Zużycie czy nadużycie
To właśnie wskazania zużycia na naszym liczniku energii elektrycznej są podstawą do naliczenia opłaty przez dostawcę. Niestety, otrzymując wysoki rachunek zbyt późno orientujemy się, że z naszej strony było to raczej nadużycie i gdybyśmy tylko uważniej kontrolowali działanie urządzeń elektrycznych w naszym domu zużycie byłoby o wiele mniejsze i tym samym musielibyśmy zapłacić mniej. Dlatego dla ratowania domowego budżetu najlepiej już dziś namierzyć licznik elektryczny i stale kontrolować jego wskazania.
Mieć fazę i pieniądze na taryfę
To jak szybko kręci się kółeczko z kilowatami na naszym liczniku energii elektrycznej zależy w dużej mierze od tego czy mamy instalację jednofazową czy trójfazową (sprawdź różnicę).
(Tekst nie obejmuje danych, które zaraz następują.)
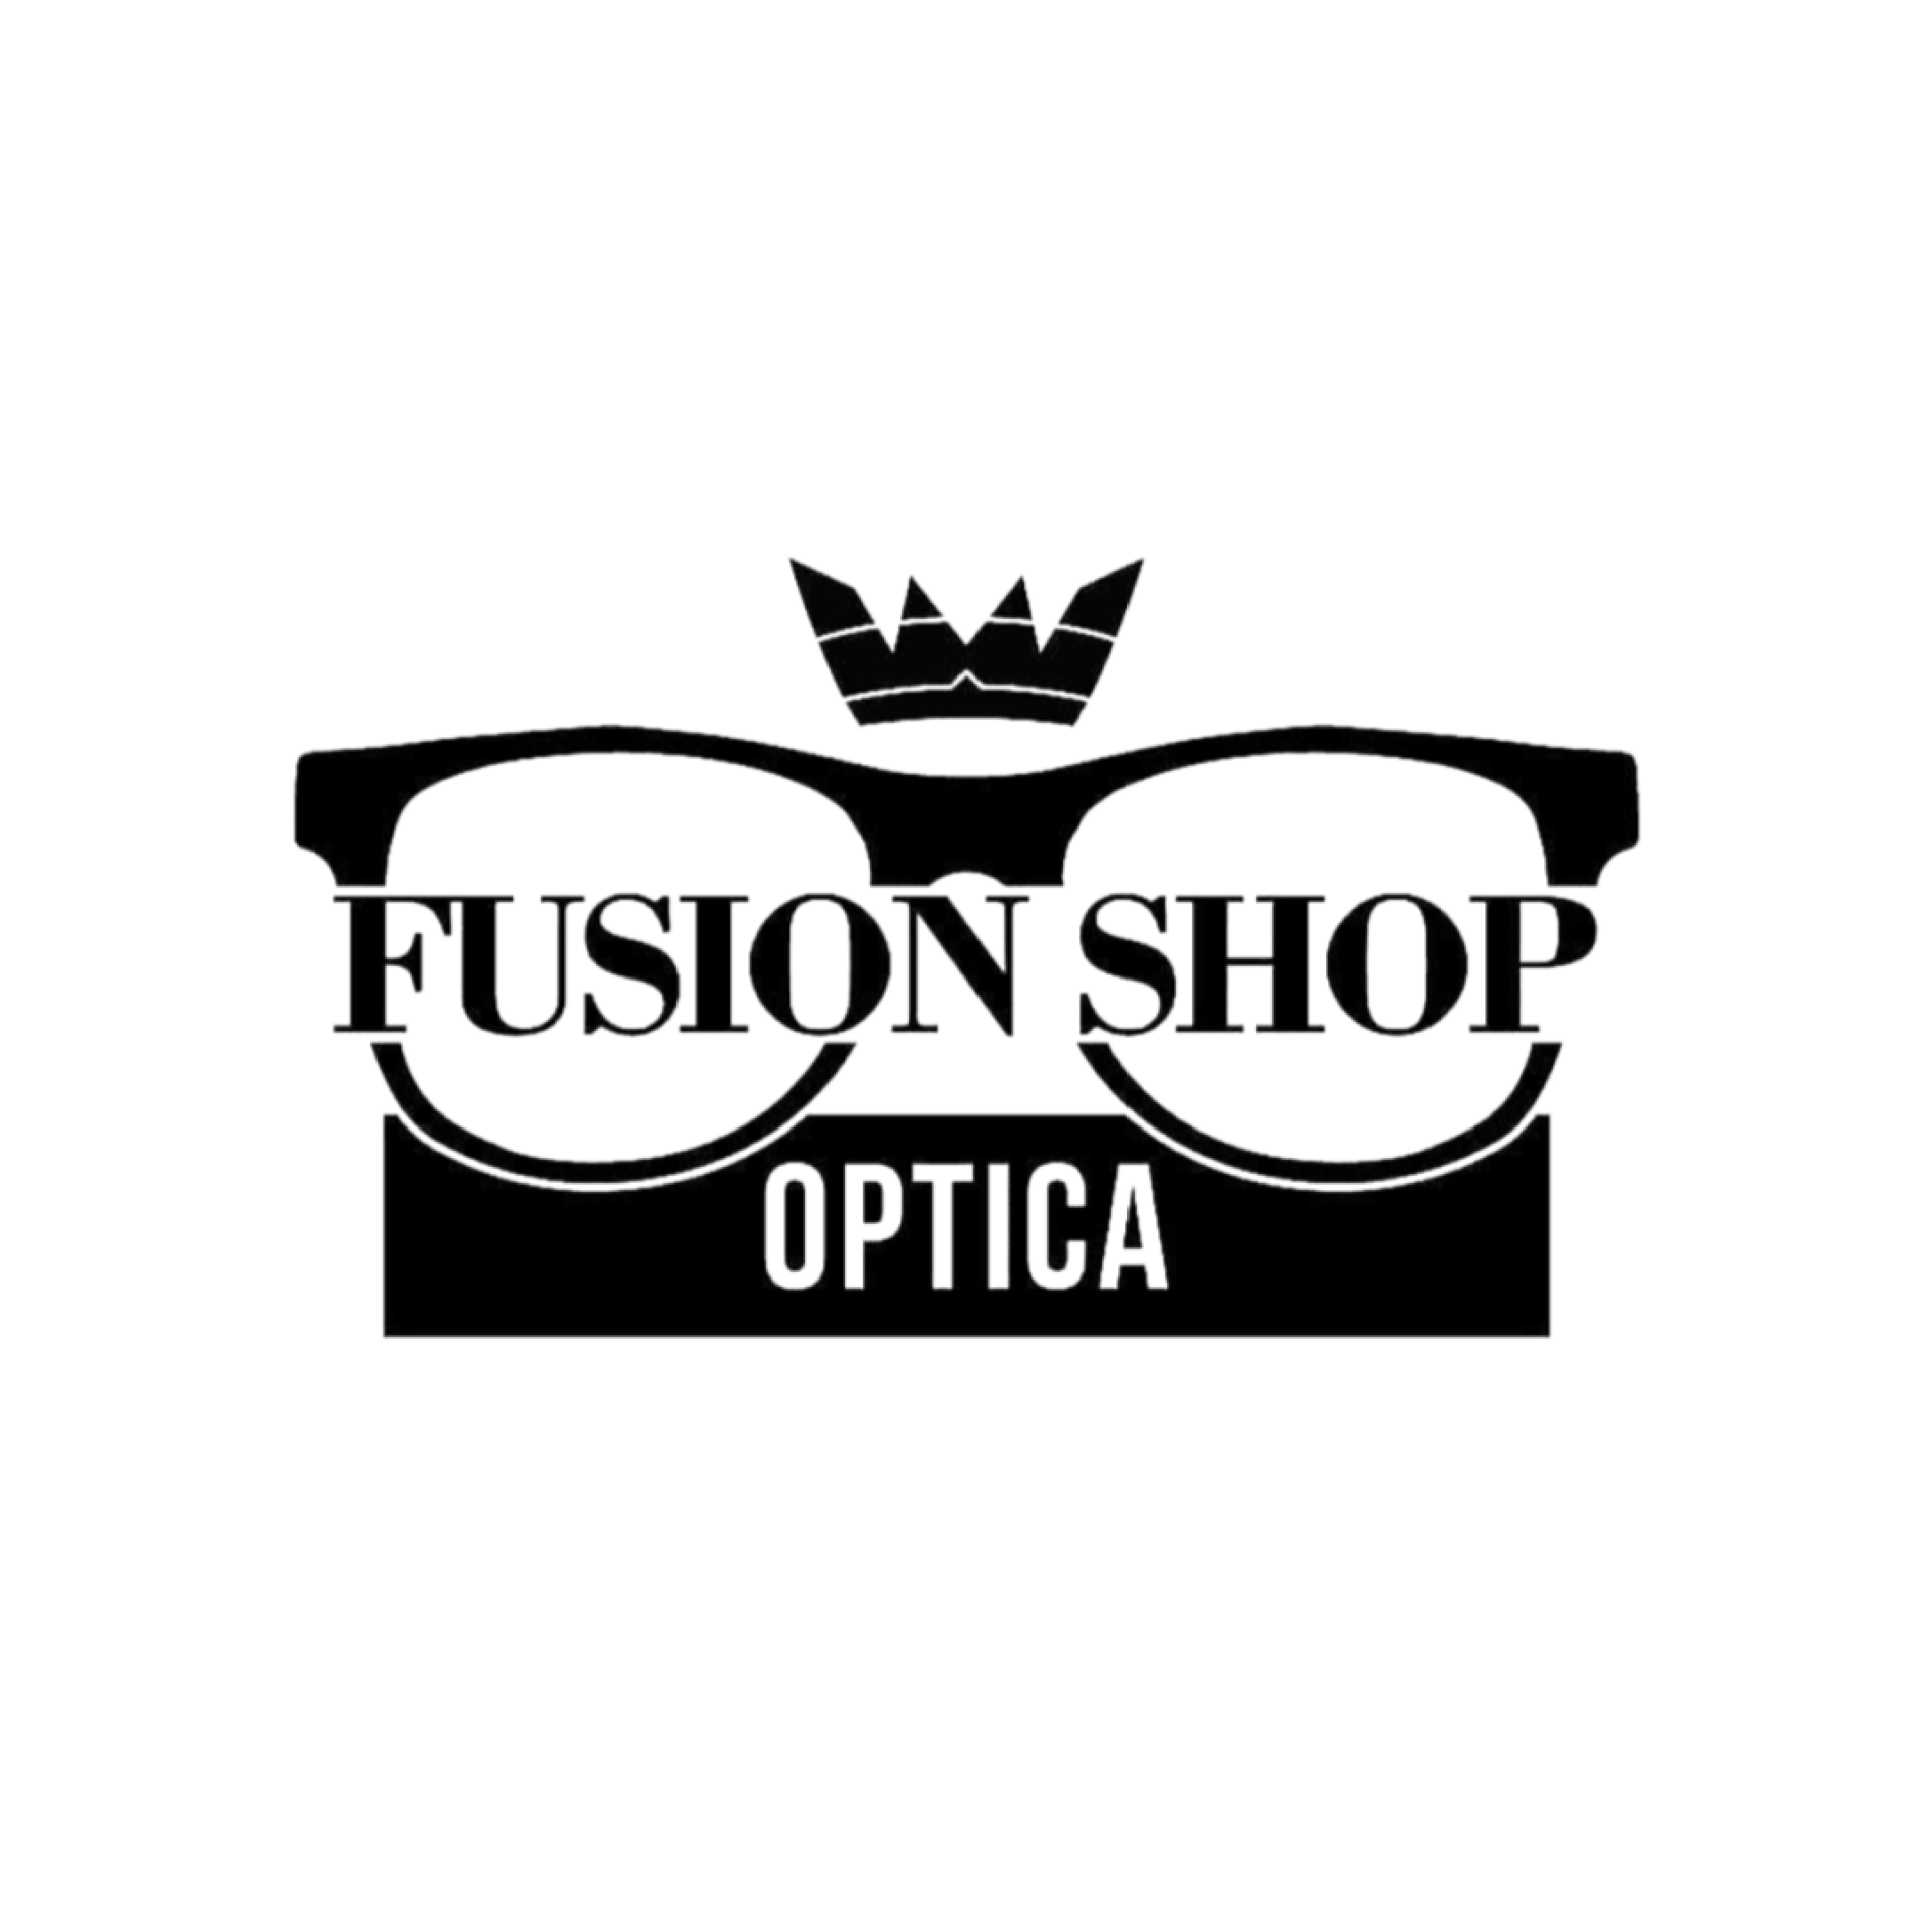 Fusion shop

Trzy fazy zaleca się w mieszkaniach, w których właściciele mają zamiar korzystać z płyt indukcyjnych albo z elektrycznych podgrzewaczy wody. Jednak ostateczna wartość naszego rachunku za prąd wynikać będzie z przyjętej taryfy. Jeśli zdecydujemy się na taryfę jednostrefową oznaczoną symbolem C11, to za prąd będziemy płacić jednakowo o każdej porze. Natomiast jeśli chcemy skorzystać z tańszego prądu poza godzinami szczytu wybierzmy C12a albo C12b dla godzin nocnych.